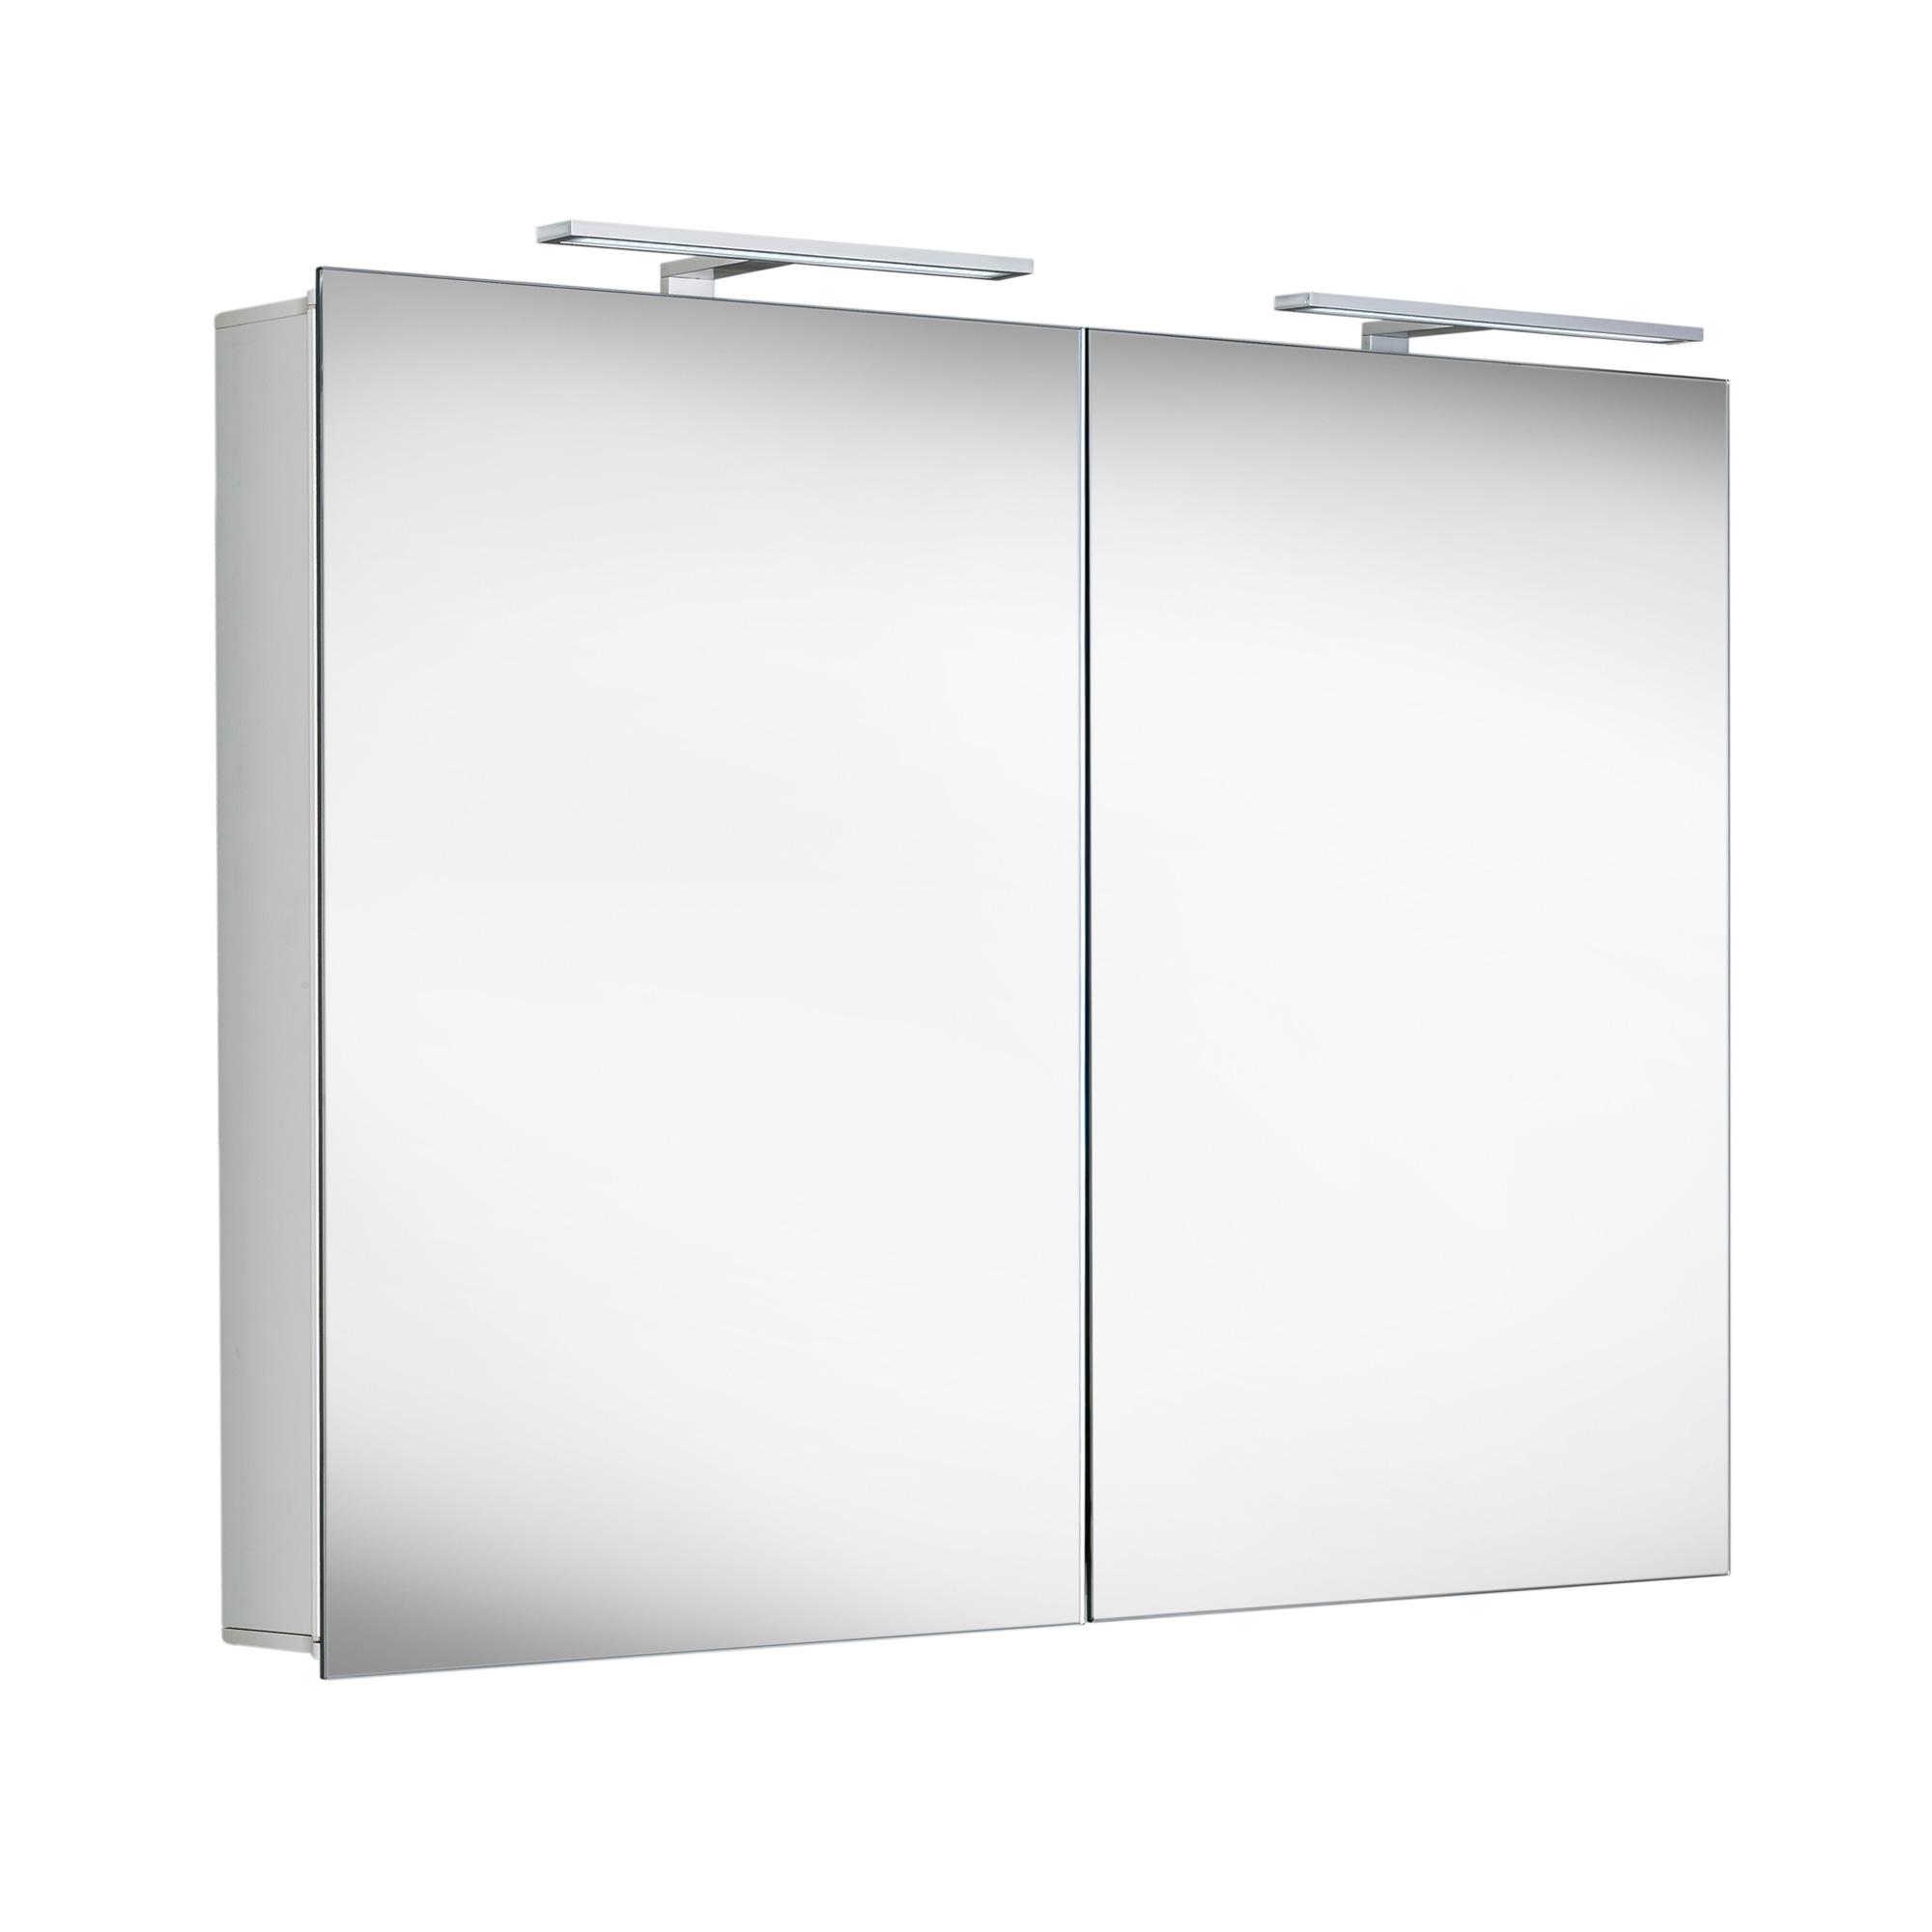 matedo entry sps spiegelschrank b 100 h 70 t 12 cm mit. Black Bedroom Furniture Sets. Home Design Ideas
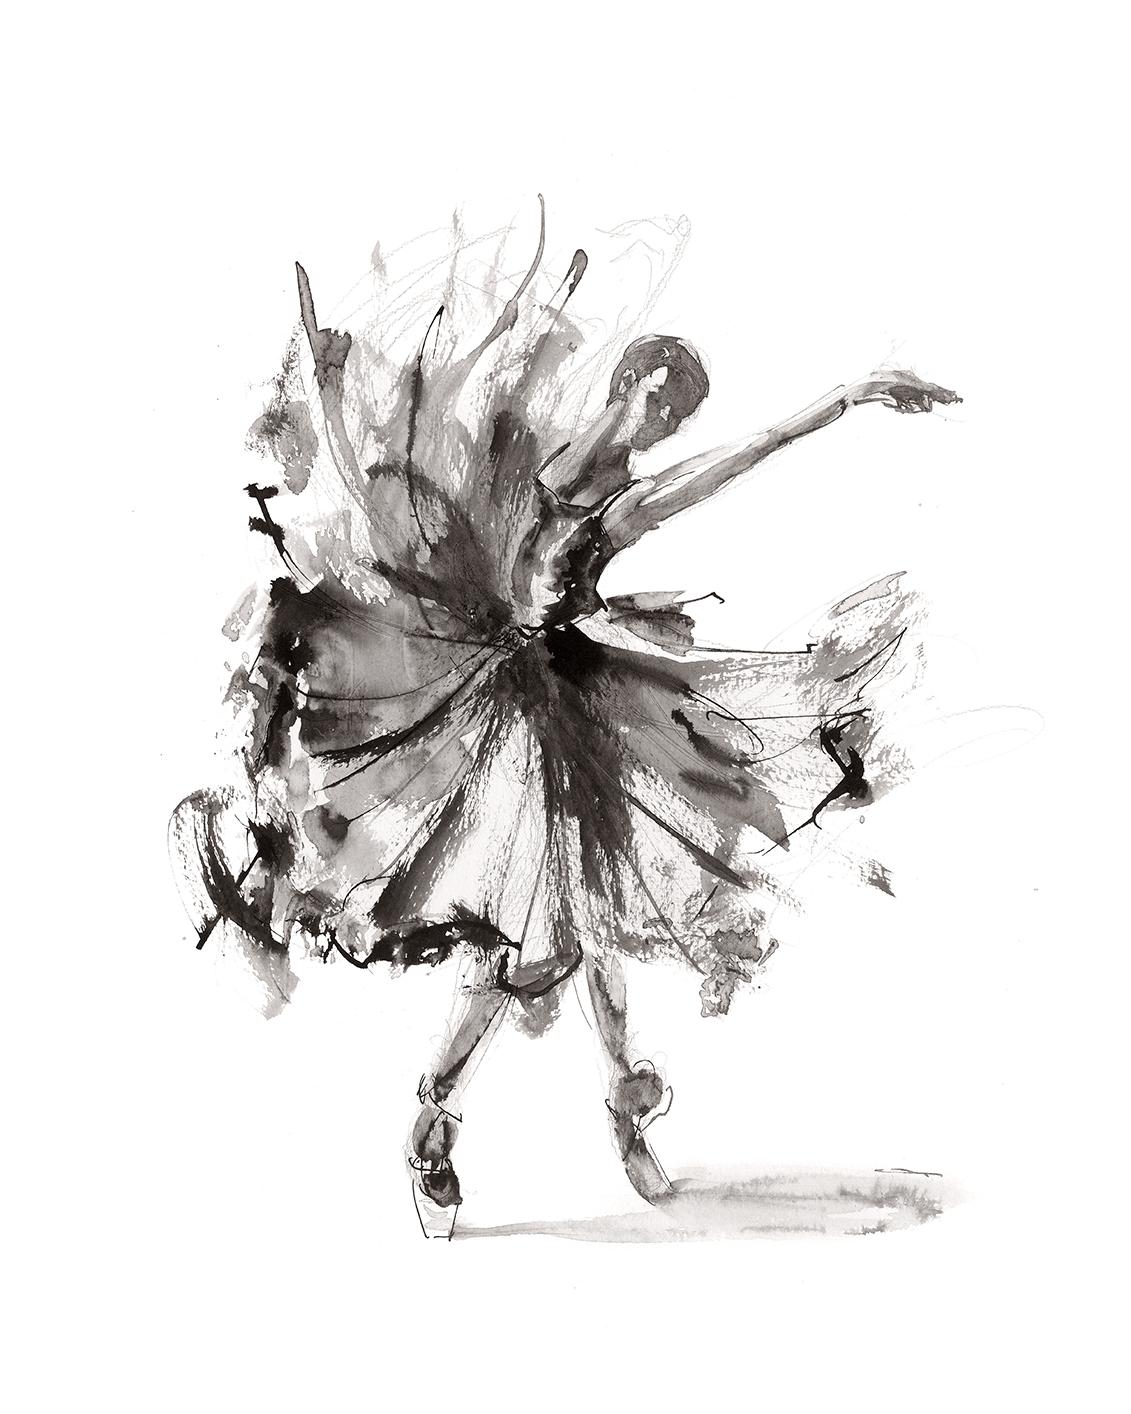 'Release'.  Fine Art Print by Artist, Dana Trijbetz.  Ballet Dancers Collection.  Original Ink Painting made as a Giclée Print on 100% Cotton Paper.  Image 2 of 3.jpg
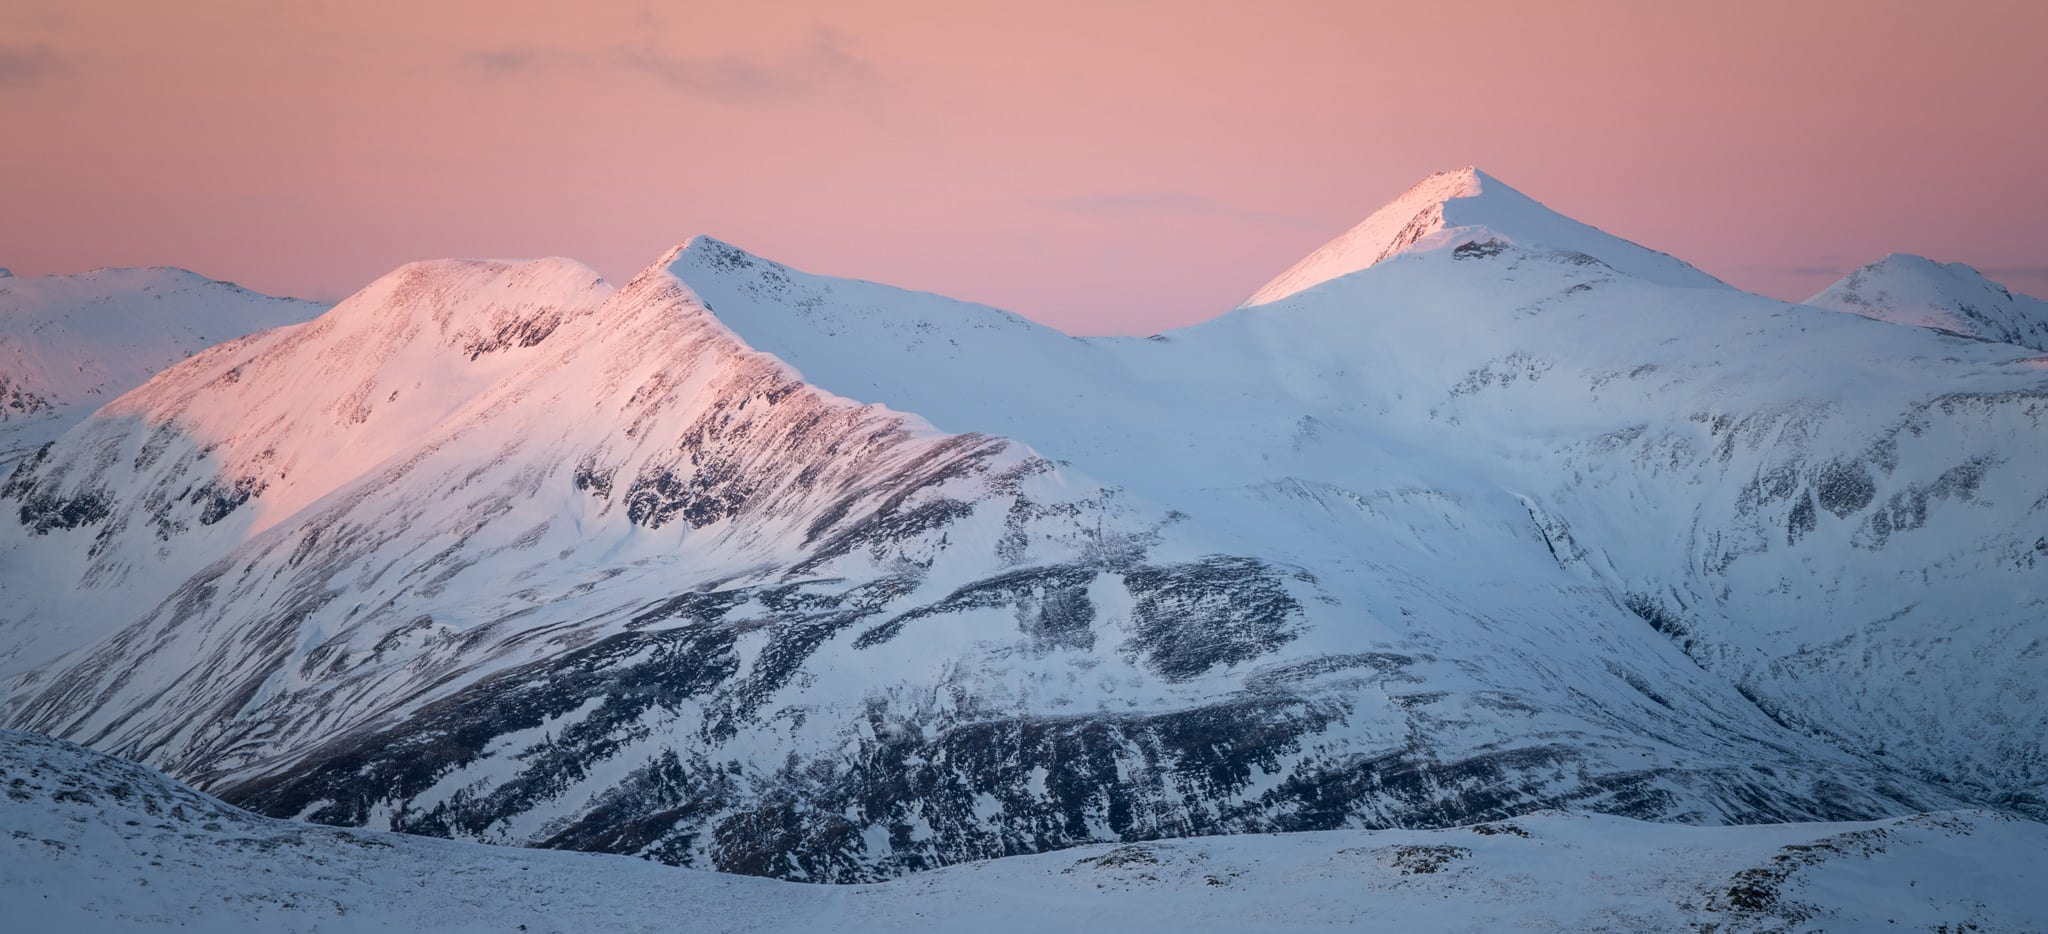 Scotland WInter Mountains - Scotland Landscape Photography
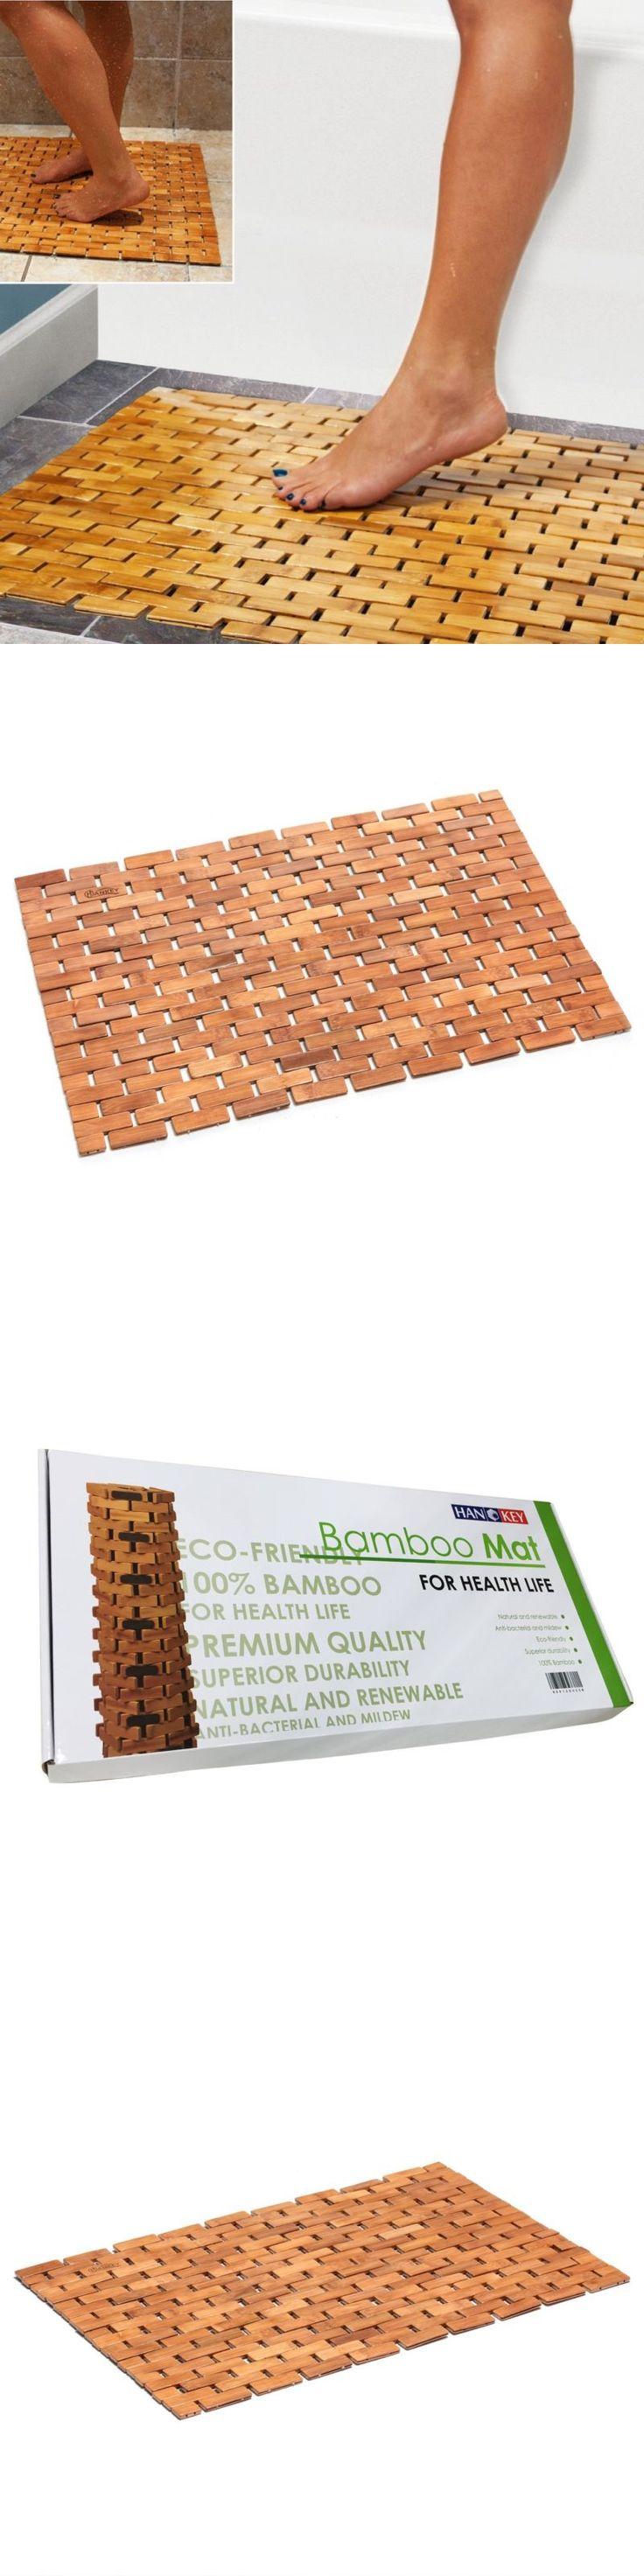 best 25 non slip shower mat ideas only on pinterest dorm non slip appliques and mats 66722 anti slip roll up bamboo floor mat
=======
The output is the lines from the start of the data above through the line containing "Scotland WInter Mountains", unchanged, with any picture left out.

 matedo entry sps spiegelschrank b 100 h 70 t 12 cm mit. Black Bedroom Furniture Sets. Home Design Ideas
 'Release'.  Fine Art Print by Artist, Dana Trijbetz.  Ballet Dancers Collection.  Original Ink Painting made as a Giclée Print on 100% Cotton Paper.  Image 2 of 3.jpg
 Scotland WInter Mountains - Scotland Landscape Photography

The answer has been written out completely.